ASSIGNMENT: In the records below, the line with "Đồng chí Phó" opens the range and the line with "Instagram Reels Marketing - Upsell" closes it; print that range exactly and nothing else.
============
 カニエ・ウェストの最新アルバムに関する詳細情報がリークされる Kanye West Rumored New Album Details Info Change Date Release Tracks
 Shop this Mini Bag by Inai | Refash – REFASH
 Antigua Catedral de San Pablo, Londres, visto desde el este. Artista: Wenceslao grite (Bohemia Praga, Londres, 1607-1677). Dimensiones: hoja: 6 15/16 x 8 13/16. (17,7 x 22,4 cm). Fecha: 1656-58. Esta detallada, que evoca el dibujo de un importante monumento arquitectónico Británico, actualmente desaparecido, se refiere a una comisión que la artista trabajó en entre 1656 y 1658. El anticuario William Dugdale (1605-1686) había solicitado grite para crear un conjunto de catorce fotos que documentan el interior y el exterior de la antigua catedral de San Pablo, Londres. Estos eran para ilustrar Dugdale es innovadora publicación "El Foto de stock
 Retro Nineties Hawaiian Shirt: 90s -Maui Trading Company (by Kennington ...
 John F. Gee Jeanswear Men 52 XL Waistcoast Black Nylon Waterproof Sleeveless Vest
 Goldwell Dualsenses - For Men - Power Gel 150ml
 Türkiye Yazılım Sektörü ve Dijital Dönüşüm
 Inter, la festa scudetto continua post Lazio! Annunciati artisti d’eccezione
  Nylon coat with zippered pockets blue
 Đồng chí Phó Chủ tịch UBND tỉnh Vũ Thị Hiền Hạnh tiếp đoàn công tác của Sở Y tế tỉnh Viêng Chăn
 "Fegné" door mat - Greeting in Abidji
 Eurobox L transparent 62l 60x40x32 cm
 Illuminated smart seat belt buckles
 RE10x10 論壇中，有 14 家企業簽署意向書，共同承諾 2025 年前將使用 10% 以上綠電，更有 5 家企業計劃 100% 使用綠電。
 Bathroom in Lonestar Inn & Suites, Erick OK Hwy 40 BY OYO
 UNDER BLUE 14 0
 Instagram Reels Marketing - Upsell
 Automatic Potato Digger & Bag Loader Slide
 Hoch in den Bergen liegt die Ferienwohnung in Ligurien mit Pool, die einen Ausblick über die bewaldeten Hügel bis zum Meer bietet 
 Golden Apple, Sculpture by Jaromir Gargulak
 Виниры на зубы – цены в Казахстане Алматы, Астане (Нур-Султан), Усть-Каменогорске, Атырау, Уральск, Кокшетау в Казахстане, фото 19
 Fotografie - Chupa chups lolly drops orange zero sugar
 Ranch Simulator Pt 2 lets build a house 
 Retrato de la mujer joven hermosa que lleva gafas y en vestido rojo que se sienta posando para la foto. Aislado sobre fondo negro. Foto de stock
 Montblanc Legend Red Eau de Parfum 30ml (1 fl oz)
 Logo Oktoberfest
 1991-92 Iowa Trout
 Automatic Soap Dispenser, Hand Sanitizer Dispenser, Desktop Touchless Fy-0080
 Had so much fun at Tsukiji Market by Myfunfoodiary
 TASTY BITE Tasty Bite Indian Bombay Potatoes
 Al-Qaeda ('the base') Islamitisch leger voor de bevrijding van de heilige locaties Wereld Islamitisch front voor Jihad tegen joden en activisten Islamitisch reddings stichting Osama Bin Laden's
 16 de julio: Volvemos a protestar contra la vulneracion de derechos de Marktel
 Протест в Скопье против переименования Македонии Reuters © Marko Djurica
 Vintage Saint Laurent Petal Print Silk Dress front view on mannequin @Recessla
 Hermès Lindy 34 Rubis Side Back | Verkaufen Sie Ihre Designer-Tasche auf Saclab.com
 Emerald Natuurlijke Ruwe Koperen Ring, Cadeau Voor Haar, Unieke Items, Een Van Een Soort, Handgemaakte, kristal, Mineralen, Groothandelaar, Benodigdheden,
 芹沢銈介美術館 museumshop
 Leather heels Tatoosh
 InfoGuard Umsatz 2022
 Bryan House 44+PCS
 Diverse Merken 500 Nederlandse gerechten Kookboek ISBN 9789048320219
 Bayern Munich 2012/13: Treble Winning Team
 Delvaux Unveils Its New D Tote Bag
============
FINISHED TASK:
 Đồng chí Phó Chủ tịch UBND tỉnh Vũ Thị Hiền Hạnh tiếp đoàn công tác của Sở Y tế tỉnh Viêng Chăn
 "Fegné" door mat - Greeting in Abidji
 Eurobox L transparent 62l 60x40x32 cm
 Illuminated smart seat belt buckles
 RE10x10 論壇中，有 14 家企業簽署意向書，共同承諾 2025 年前將使用 10% 以上綠電，更有 5 家企業計劃 100% 使用綠電。
 Bathroom in Lonestar Inn & Suites, Erick OK Hwy 40 BY OYO
 UNDER BLUE 14 0
 Instagram Reels Marketing - Upsell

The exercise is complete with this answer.